Di Tiongkok, 87 persen orang memercayai AI, dibandingkan dengan hanya 32 persen di AS, menurut jajak pendapat Edelman.
Beijing, Suarathailand- Masyarakat Tiongkok jauh lebih percaya pada kecerdasan buatan dibandingkan rekan-rekan mereka di Amerika Serikat dan negara-negara Barat lainnya, menurut sebuah survei.

Di Tiongkok, 87 persen orang mengatakan mereka memercayai AI, dibandingkan dengan 67 persen di Brasil, 32 persen di AS, 36 persen di Inggris, dan 39 persen di Jerman, menurut jajak pendapat Edelman yang dirilis pada hari Selasa.
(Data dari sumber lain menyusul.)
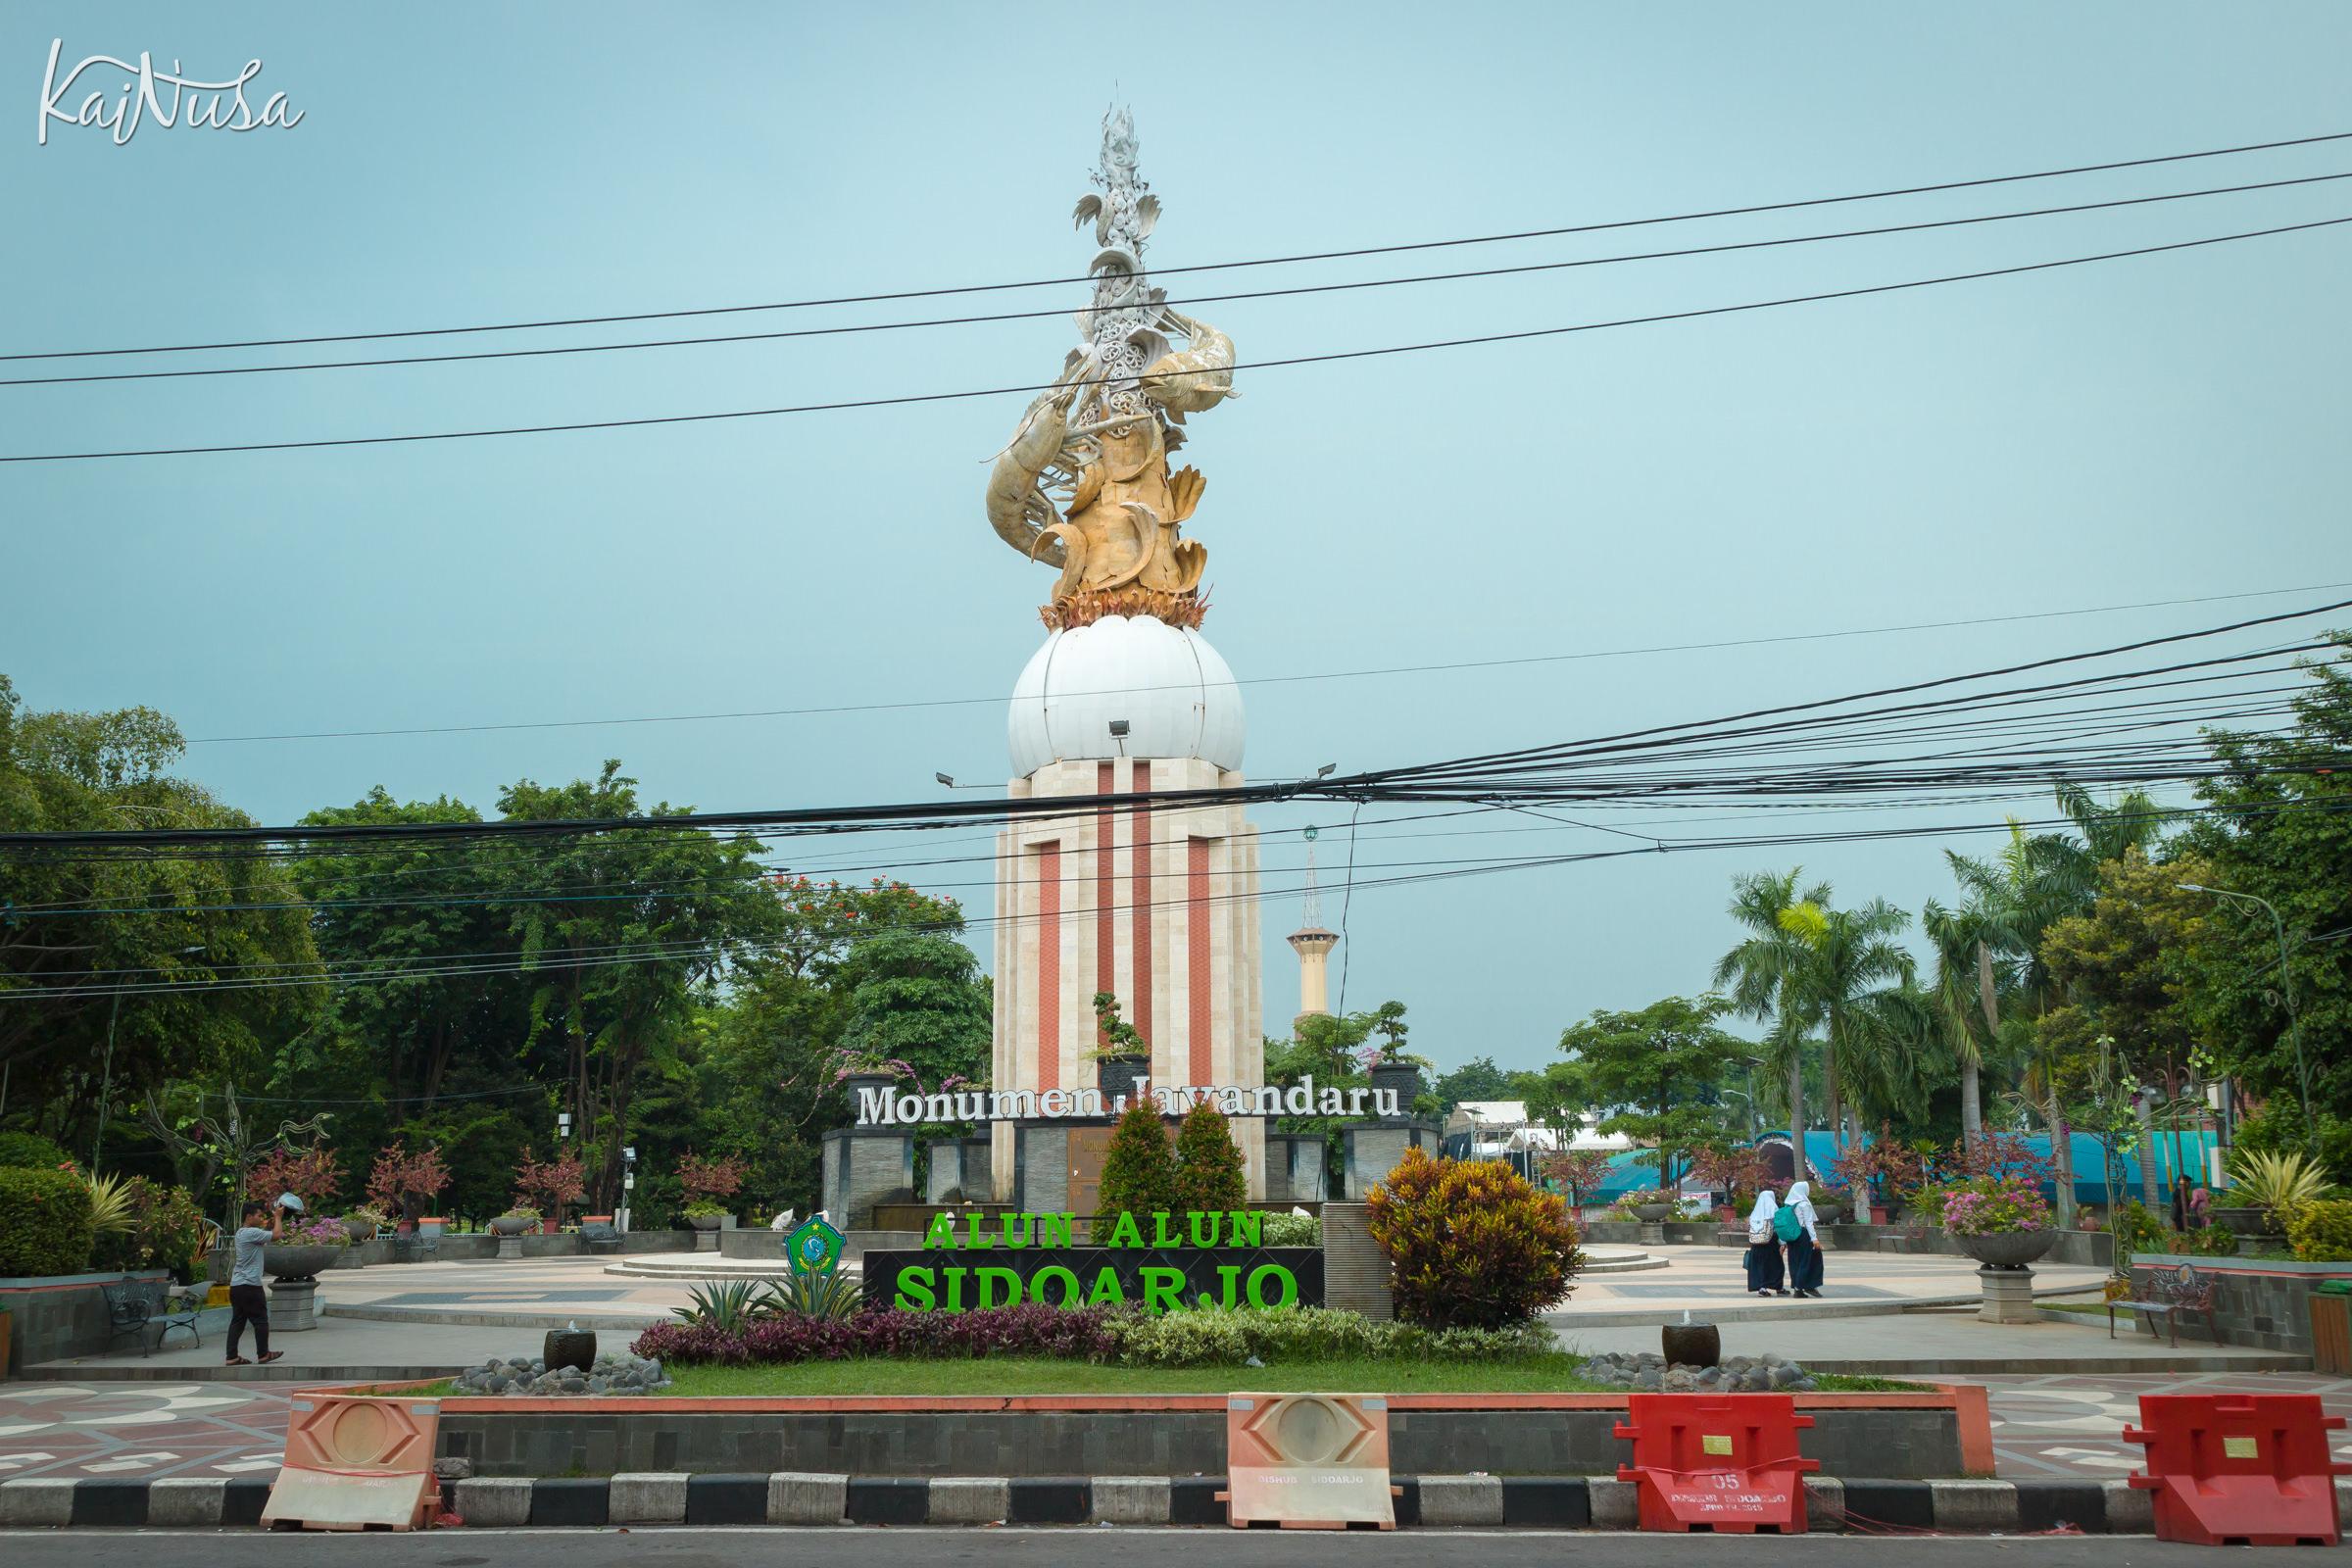 Kampoeng Batik Jetis Jurnal Kainusa Alun Kota Sidoarjo Wisata Kab

Lebih dari tujuh dari 10 responden Tiongkok mengatakan mereka berharap AI berperan dalam memecahkan berbagai masalah sosial, termasuk perubahan iklim, penyakit mental, kemiskinan, dan polarisasi.
Hanya sepertiga orang Amerika yang mengatakan mereka berharap AI dapat mengurangi kemiskinan dan polarisasi, meskipun setengahnya memperkirakan dampak positif terhadap tantangan terkait iklim.
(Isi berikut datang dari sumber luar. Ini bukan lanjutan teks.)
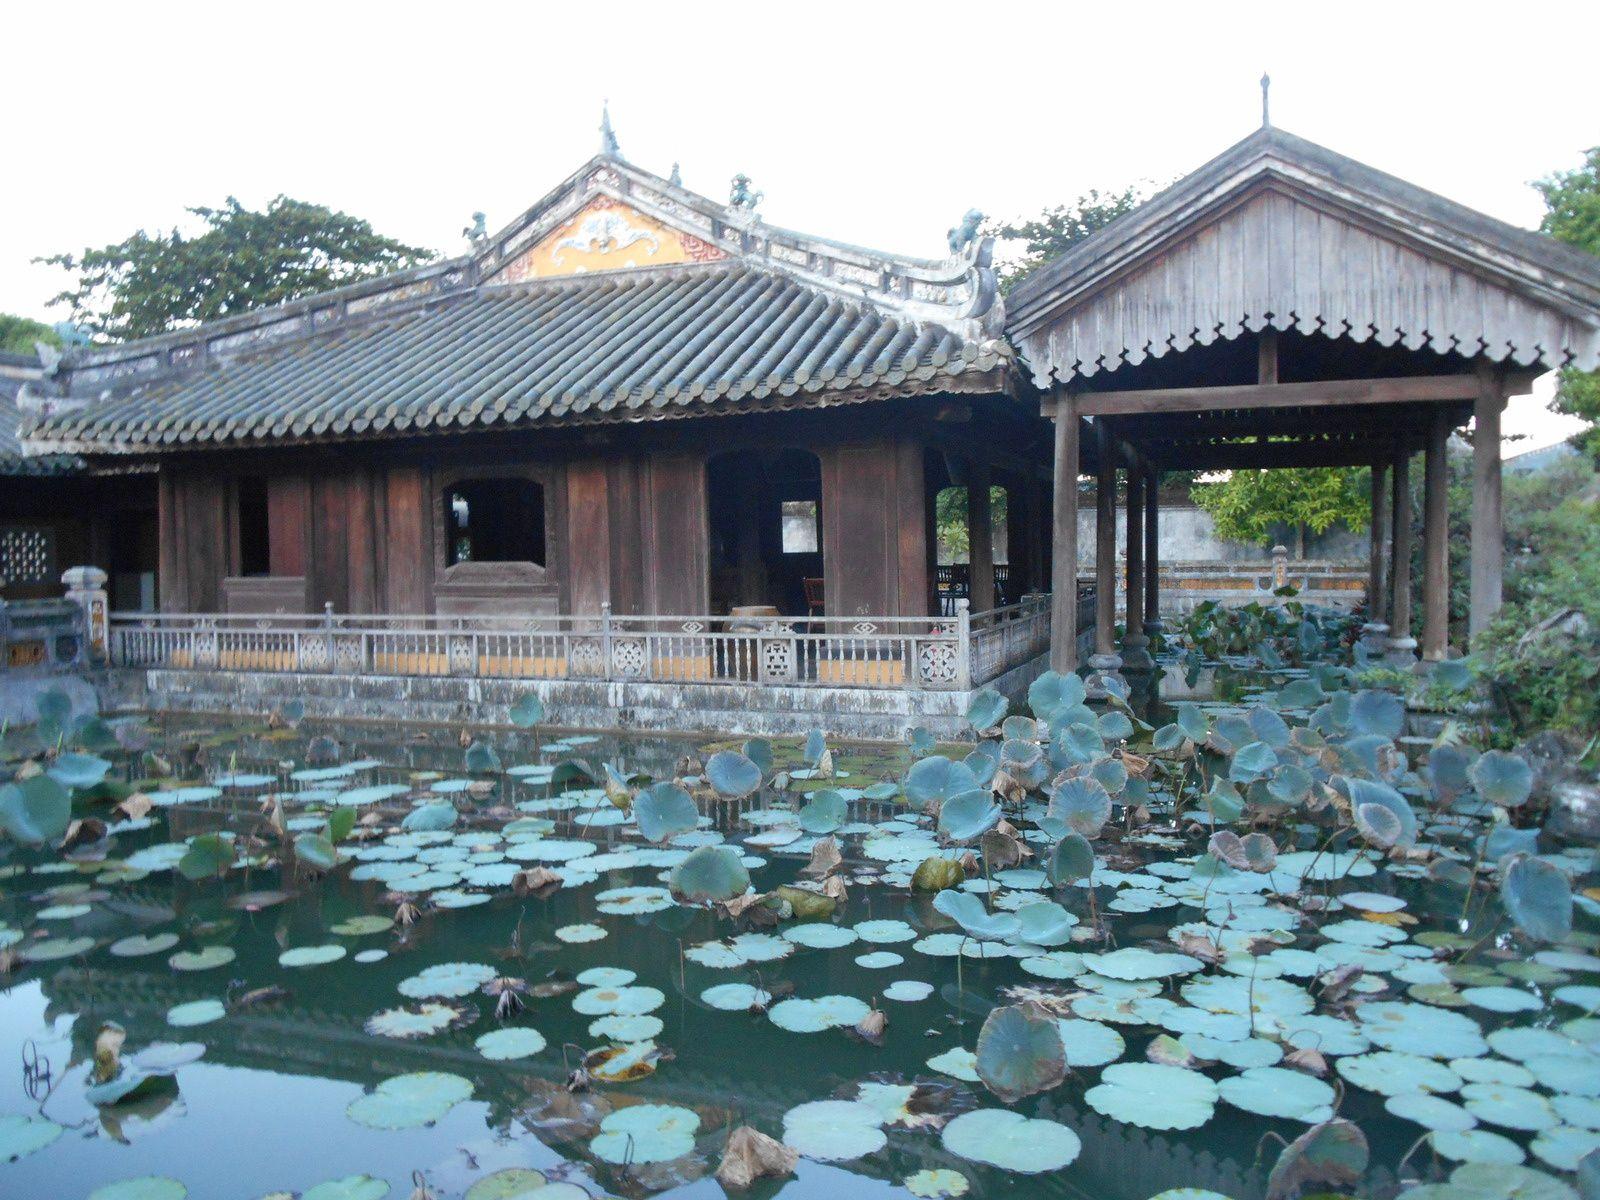 Joli jardin arboré et bassin précèdant le pavillon de lecture.

Meskipun 54 persen warga Tiongkok menyatakan mereka mendukung peningkatan penggunaan AI, hanya 17 persen warga Amerika yang menjawab hal serupa, menurut survei tersebut.
Kepercayaan tertinggi berada di kalangan anak muda, meskipun masih jauh lebih rendah di negara-negara Barat.
Delapan puluh delapan persen warga Tiongkok berusia 18-34 tahun menyatakan keyakinan mereka terhadap teknologi tersebut, dibandingkan dengan 40 persen warga Amerika pada kelompok usia yang sama.
“Bagi bisnis dan pembuat kebijakan, perbedaan ini menghadirkan tantangan ganda,” ujar Gray Grossman, Wakil Presiden Senior Edelman, dalam laporan yang menyertai survei tersebut.
“Di pasar dengan tingkat kepercayaan tinggi, tugasnya adalah mempertahankan optimisme melalui penerapan yang bertanggung jawab dan bukti manfaat yang nyata. Di pasar dengan tingkat kepercayaan rendah, tugasnya adalah membangun kembali kepercayaan terhadap lembaga di balik teknologi tersebut.”
Hasil survei ini muncul di saat AS dan Tiongkok terlibat dalam persaingan supremasi teknologi, dengan perusahaan-perusahaan di kedua negara meluncurkan model AI yang semakin canggih.
Meskipun AS secara luas dianggap masih unggul dalam memproduksi AI paling canggih, perusahaan-perusahaan Tiongkok seperti Alibaba dan DeepSeek telah membuat terobosan besar dalam beberapa bulan terakhir dengan model bahasa "terbuka" yang menawarkan biaya jauh lebih rendah kepada pelanggan.
Bulan lalu, CEO Airbnb Brian Chesky menjadi berita utama ketika ia mengungkapkan bahwa platform penyewaan jangka pendek tersebut lebih memilih Qwen milik Alibaba daripada ChatGPT milik OpenAI.
"Sangat bagus. Cepat dan murah," kata Chesky kepada Bloomberg dalam sebuah wawancara.